I saw a lot of spectacular things in Bali, but some of my favorite memories come from sitting in the backseat of Guspur's minivan, luxuriating in the AC, munching on jack fruit crisps (he always had bags of them waiting for us) and listening to the greatest soft rock hits of the 80s and 90s. On the way Guspur would fill us in on Balinese history or geography. If we saw something on the side of the road that looked interesting he'd stop and let us get out to investigate or take pictures. Our ride to Kuta was relaxed and unhurried. This was not the way I had grown accustomed to traveling in Asia-no death defying bus rides, no nauseatingly bumpy (and sometimes crash-y) train rides. This was easy, the way every road trip should feel.
Guspur told us more and more about his life. In addition to his jobs as a driver, tour guide and DJ, he also coached soccer. He told us about his trips to Java with his team, and even showed us a video of the team he made (and sang the background music for, naturally). He talked about his family, about his plans to build a house. He showed us videos of other foreigners he had driven around the island. There was one English or Australian guy who he couldn't speak fonder of. They had climbed a mountain together (there was also video of this-Guspur really liked taking videos). And it became clear that for Guspur, the people who rode in his van weren't just customers. They were people he let into his life. So many Balinese people were this way, but it never became less extraordinary-how open and welcoming these people could be. It's so different from how we are as Americans-where individualism and privacy are everything, and where outsiders are often marginalized and made to feel unwelcome. I felt welcome every second I was in Bali. I understand on a cynical level that tourism is such an important lifeblood for these people in financial terms. But I also think it was deeper than that. Especially with Guspur he seemed genuinely delighted to talk to us, to get to know each other via the great, universal medium of a road trip.
I could never get enough of what was outside the window. Car rides usually put me right to sleep, but this time I didn't even want to blink.
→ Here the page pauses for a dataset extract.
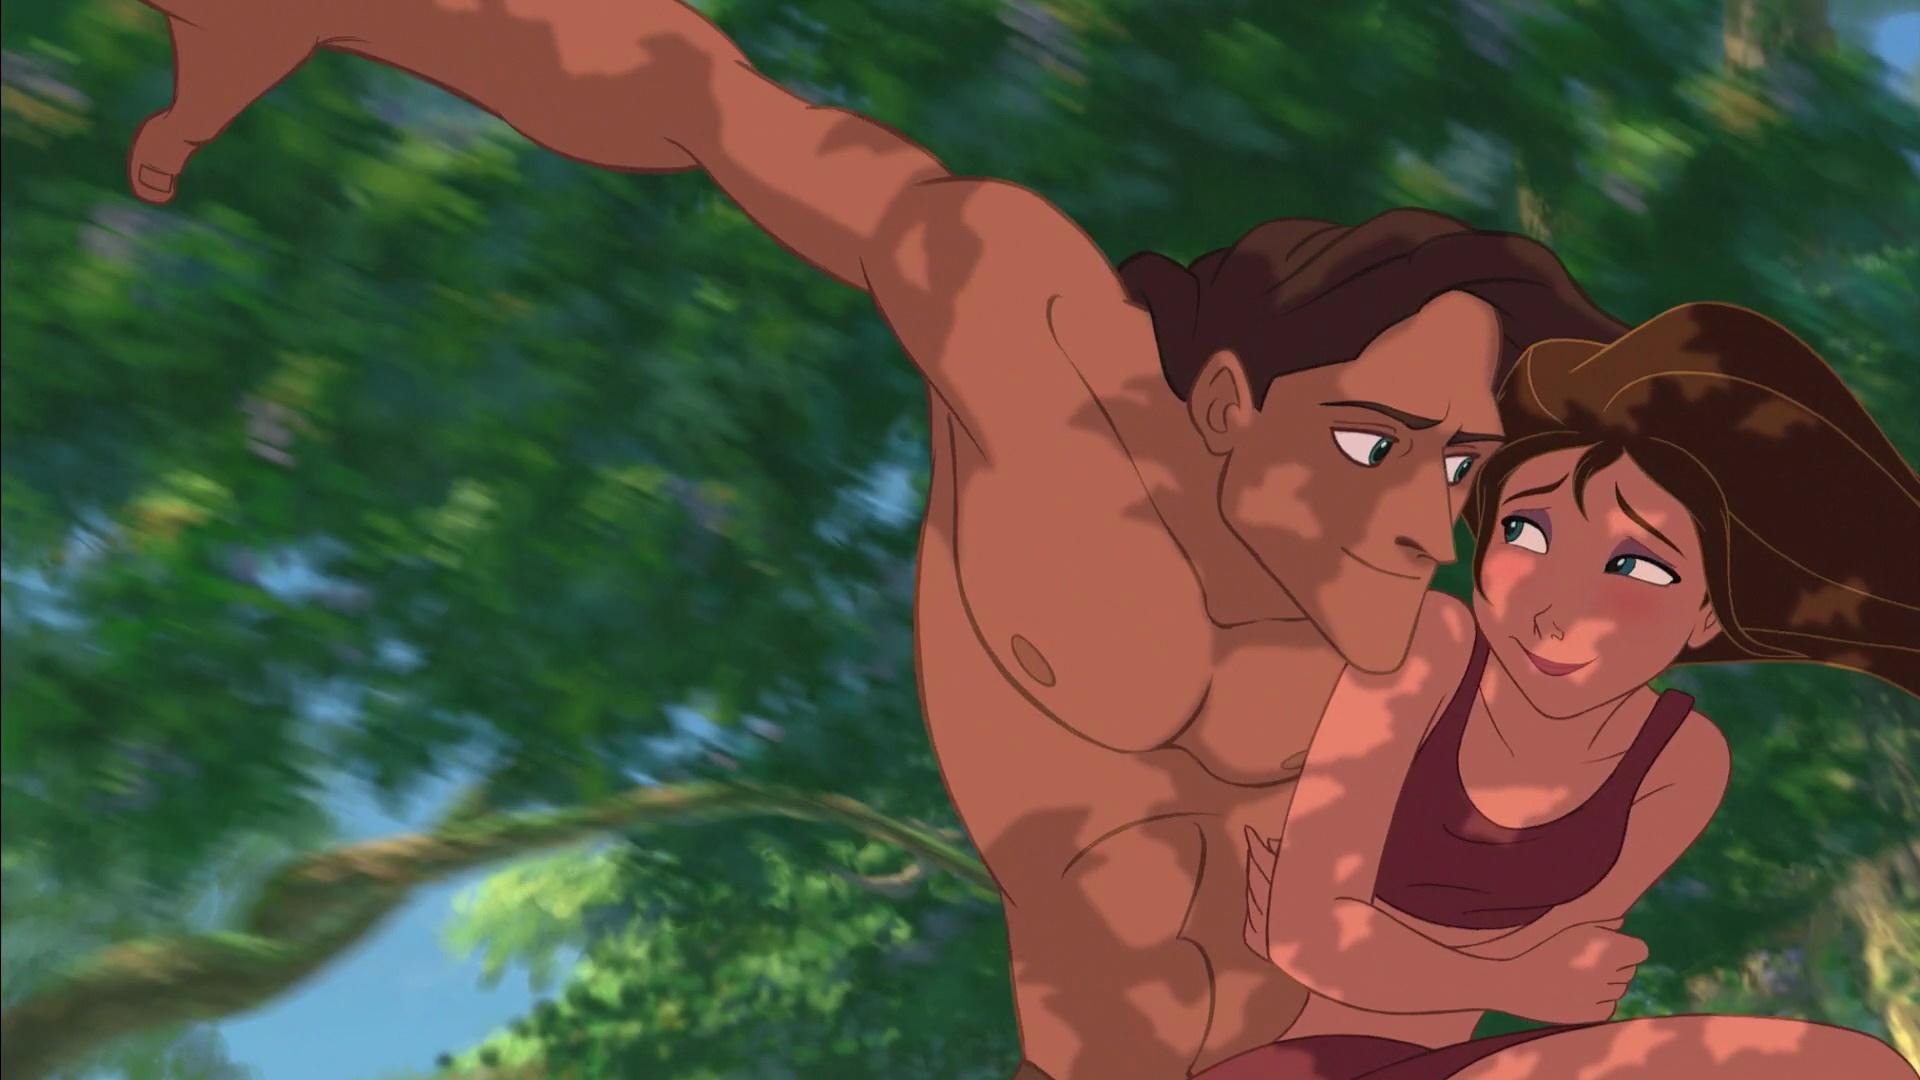 Tarzan Backgrounds on Wallpapers Vista

I didn't want to miss any of it. It was amazing how quickly Bali could change, how in an hour it could go from flat, black sand coast to hilly, rocky peaks shrouded in mist to lush green rice paddies. There were glassy lakes, which Guspur told us were footprints of old volcanoes. There was temple after temple after temple, all ornately carved and usually bedecked in various brightly colored fabrics. There were actual, live volcanoes. We stopped a little ways inland at one of them, Mount Batur, a gray hulk of a volcano with a smooth lake at its base. We ate lunch at an open-air restaurant that overlooked the volcano, with a buffet of every possible delicious Balinese food there is (think chicken and pork satays, yellow coconut rice, fish steamed and wrapped in dark green banana leaves, and heaps of shrimp and vegetables). The food was great, but it was obvious that the restaurant was arranged for and existed because of that view.
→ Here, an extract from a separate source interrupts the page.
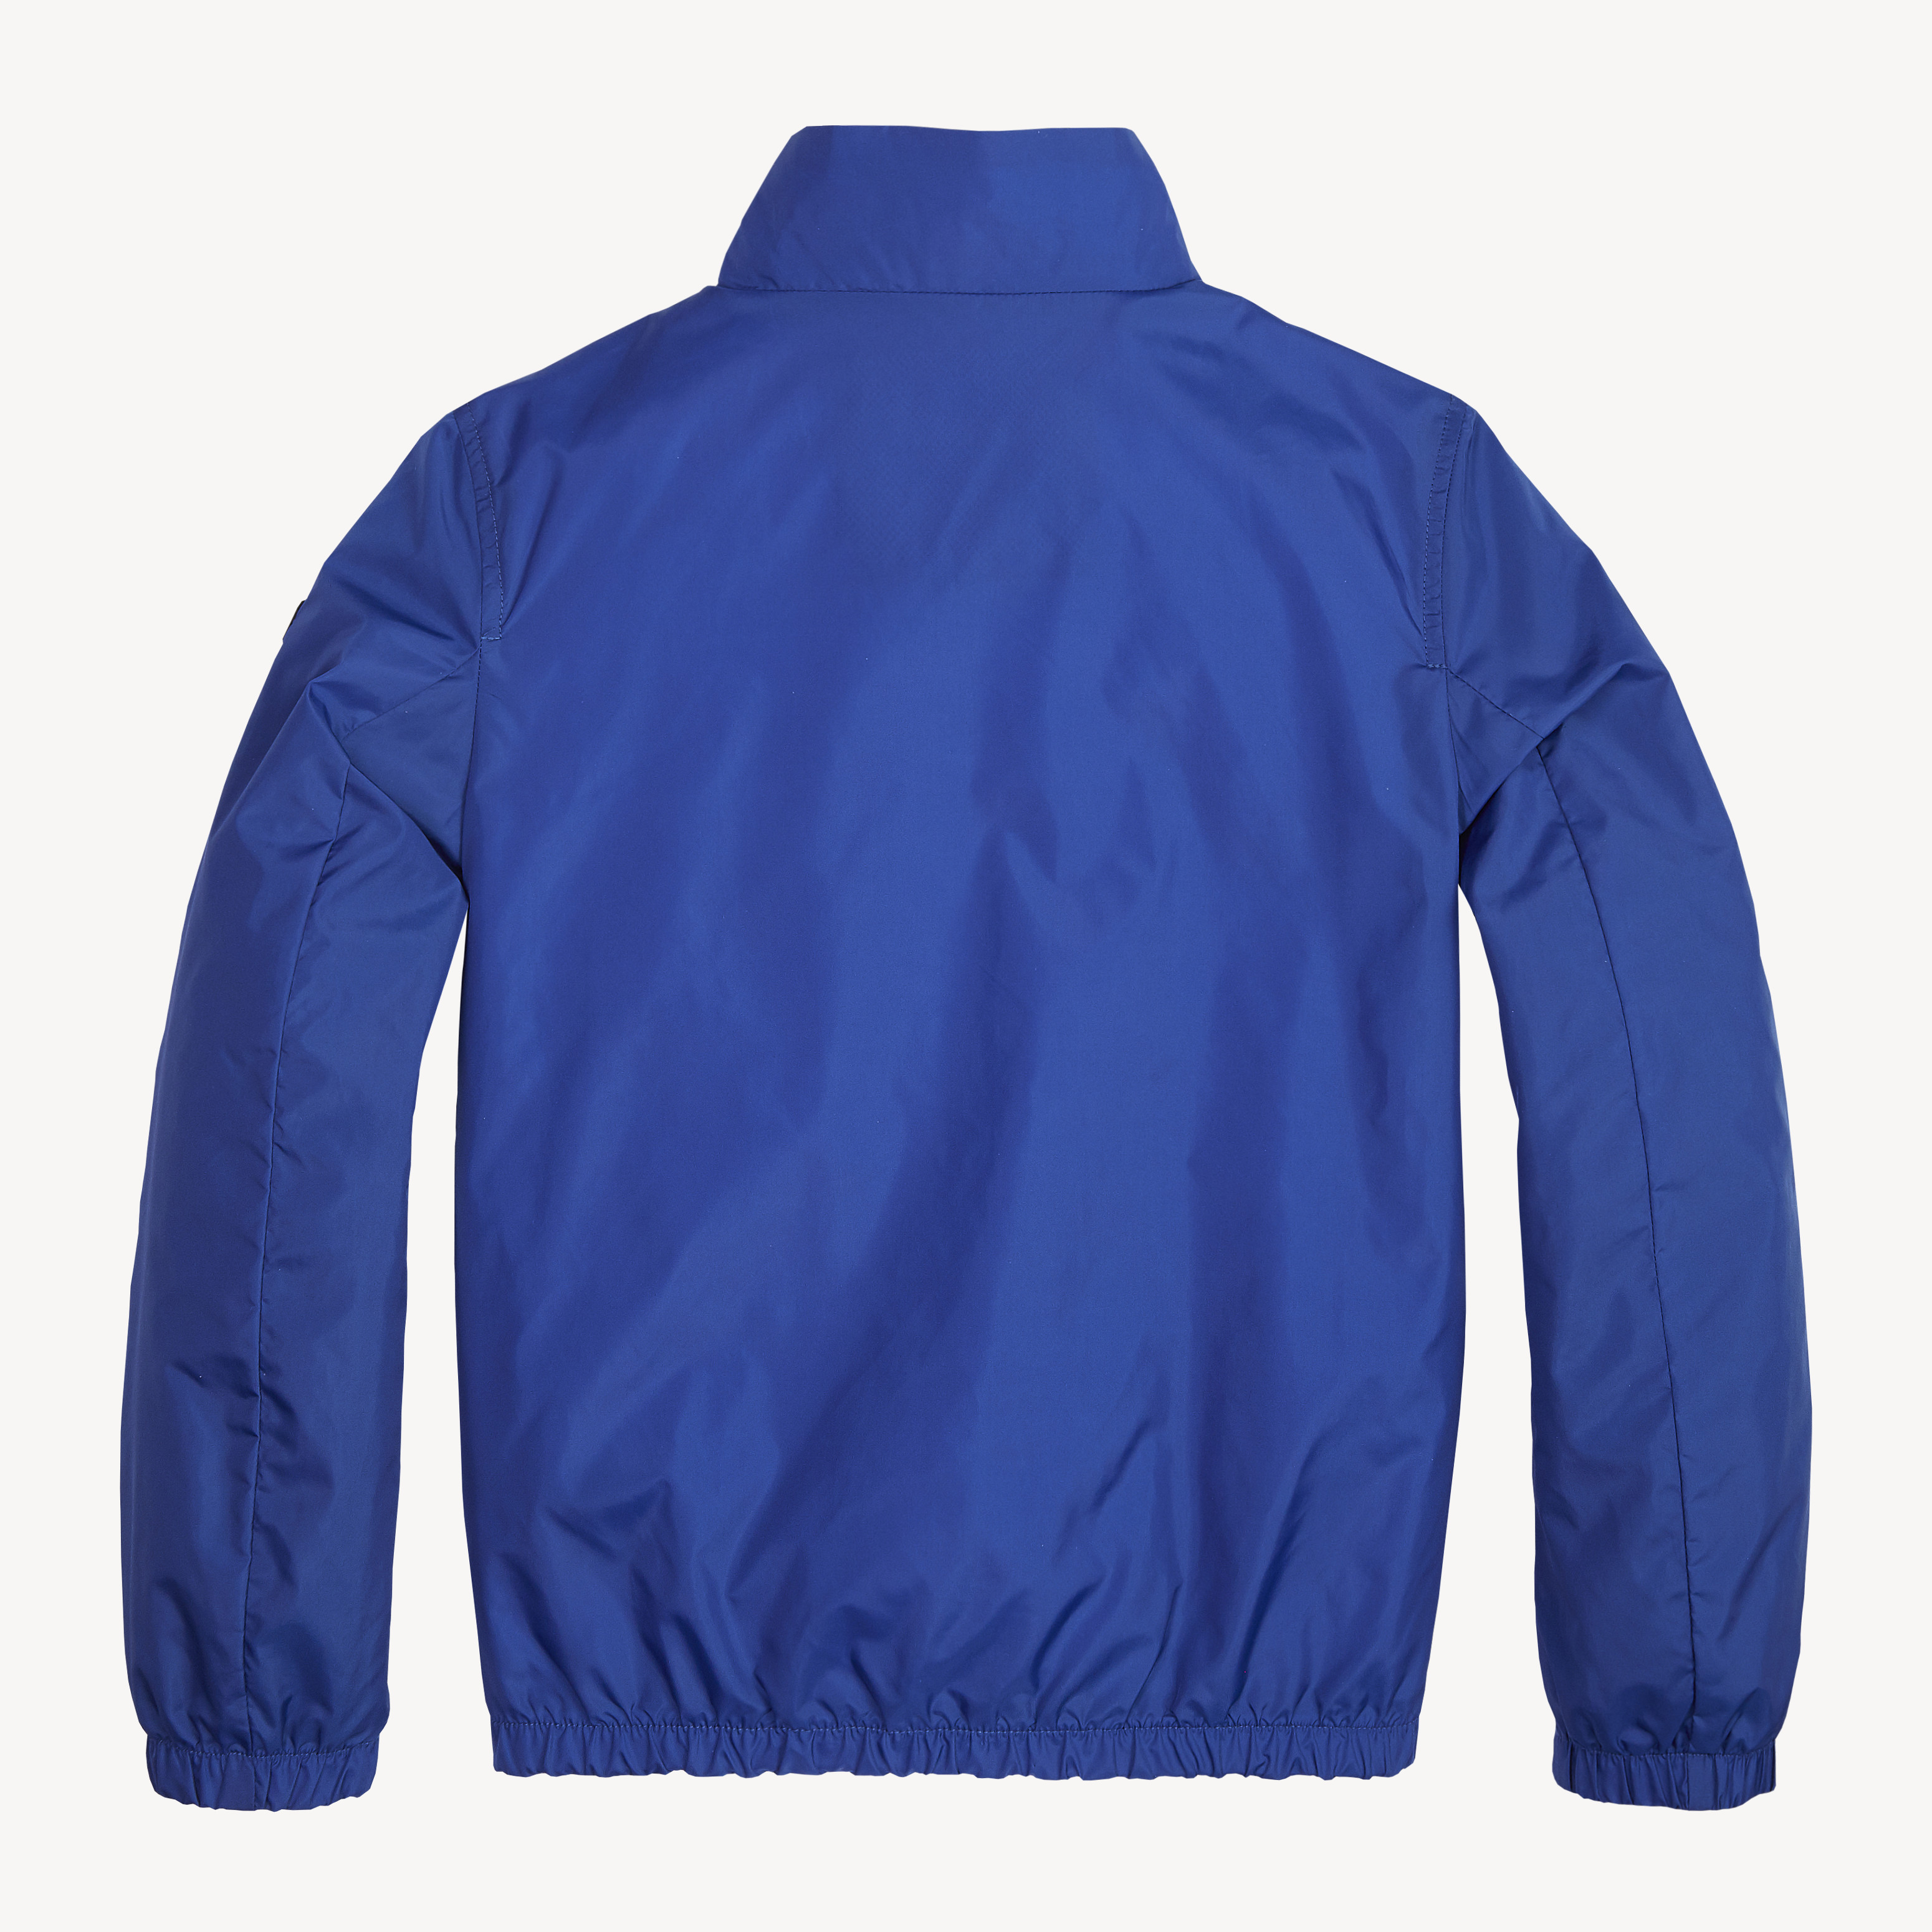 dc3868e0114 Μπουφάν αντιανεμικό μπλε ρουά (ESSENTIAL TOMMY JACKET) – Meli Melo eShop

We ate and stared. I could have stared for hours at this. There was so much contrast-the vibrant green earth next to the colorless, barren mountain. A large crater lake sat at the bottom, and beside it we could make out a village clustered on the banks. Guspur dutifully filled us in on history-that the village had been destroyed several times by eruptions. He said that every few years there was a ceremony where people sacrificed animals to appease the gods of the volcano. As a Hindu island, gods and the happiness (or lack thereof) of the gods is very important to Balinese people. Over and over again over the course of my time there I was reminded of how spirituality and every day life are inextricably linked in Bali. Religion and belief aren't things people partake in once a week or during daily prayers. They're tied into everything-especially the earth and everything on it.
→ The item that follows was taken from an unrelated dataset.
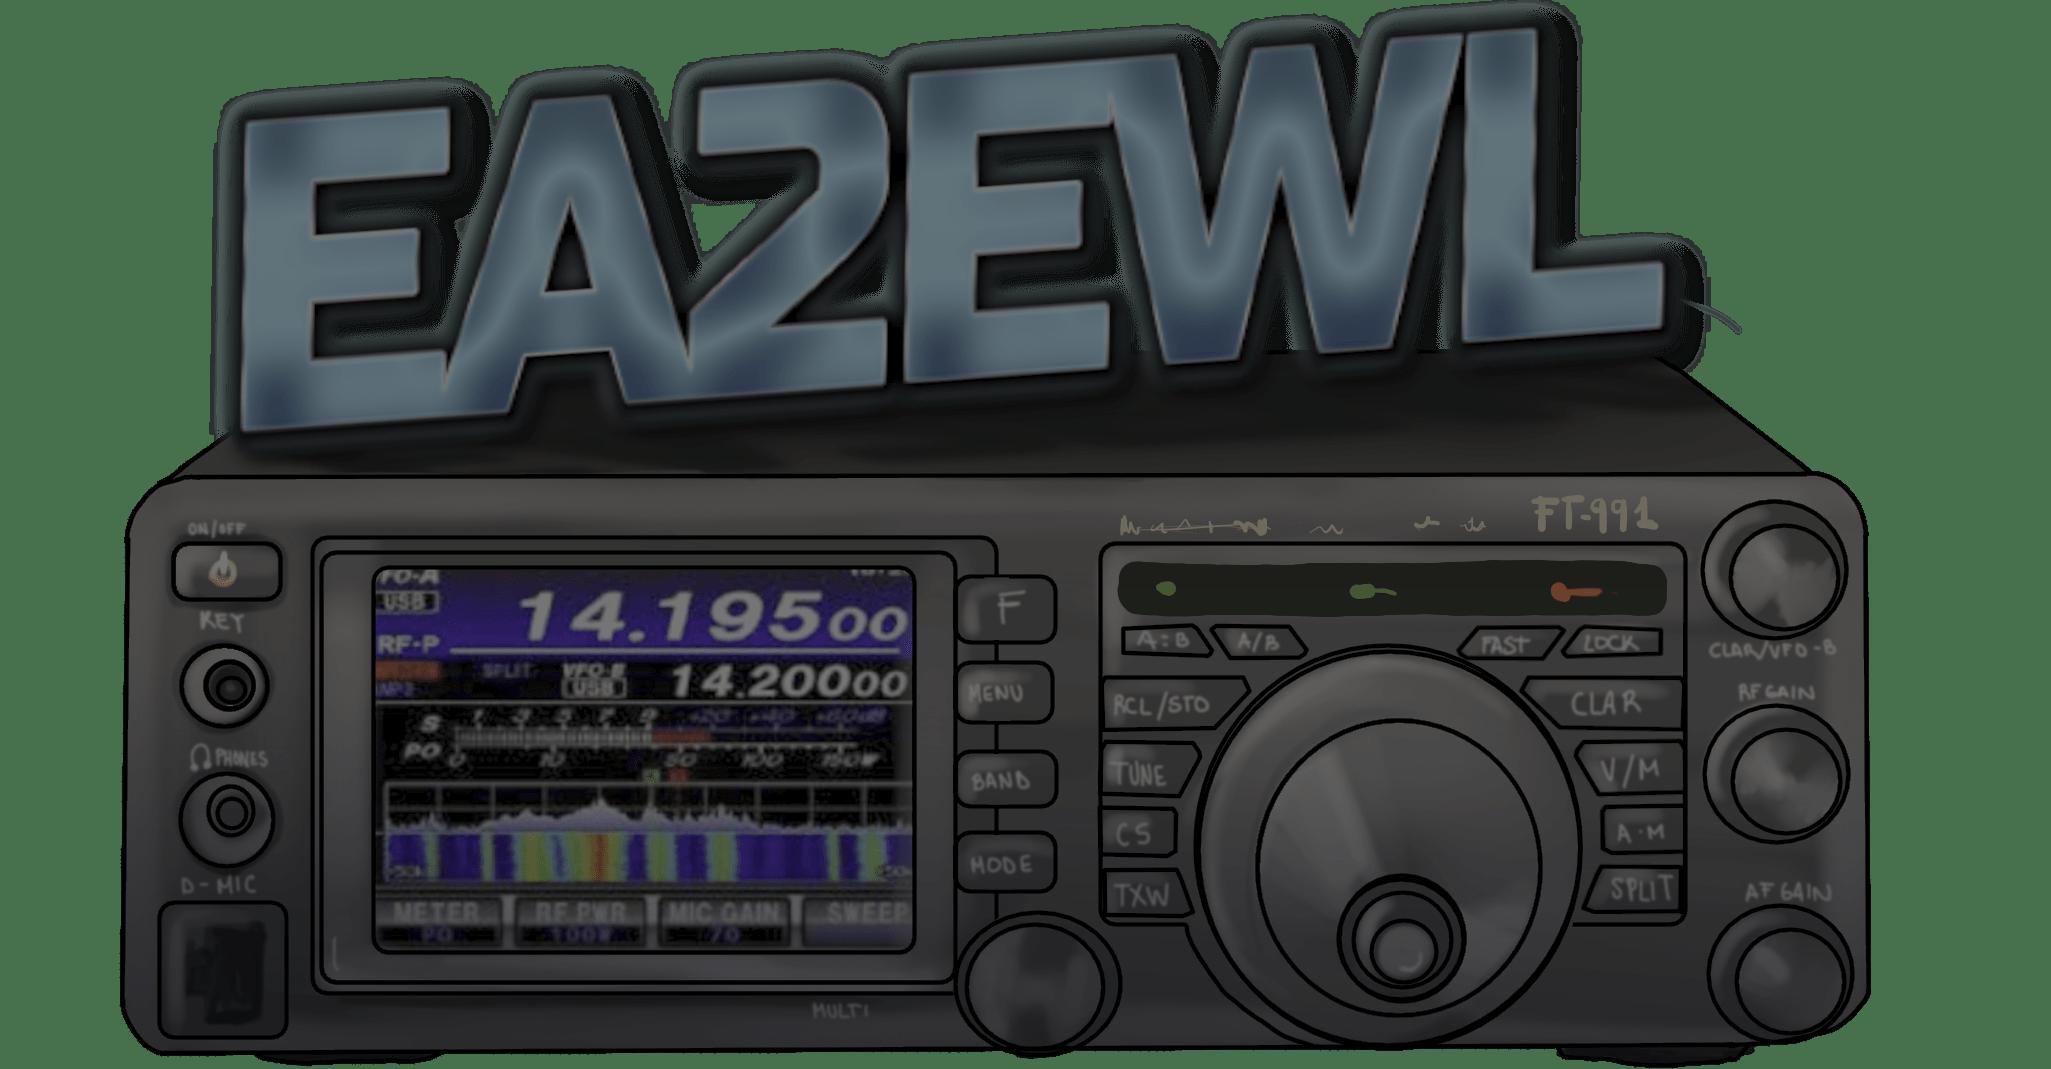 Blog Radioaficionado EA2EWL HF VHF UHF

I love the fluidity of Balinese spiritualism-a way of life that isn't bogged down in rules and laws, but seems to float easily through everything. Most Balinese people are Hindus, but they also place a great emphasis on animism. This means they believe that gods and goddesses and spirits are present in everything, from the smallest plant to a huge volcano. You may think this kind of belief is crazy. You may disagree with it. But if you ever go to Bali, I think you'll at the very least understand the root of it. It's very hard to be in Bali and not feel overwhelmed by the sheer volume of nature there. All of the extraordinary things that in most places are spread far apart are instead condensed onto this one tiny island. You simply can't get away from the power and beauty of nature there. There's nowhere to turn that is plain or unremarkable. It's high volume beauty everywhere and all the time. And I feel like if you grow up with that, it would be hard not to see a higher power in everything around you-to not feel like the earth you stand on is full of spirits.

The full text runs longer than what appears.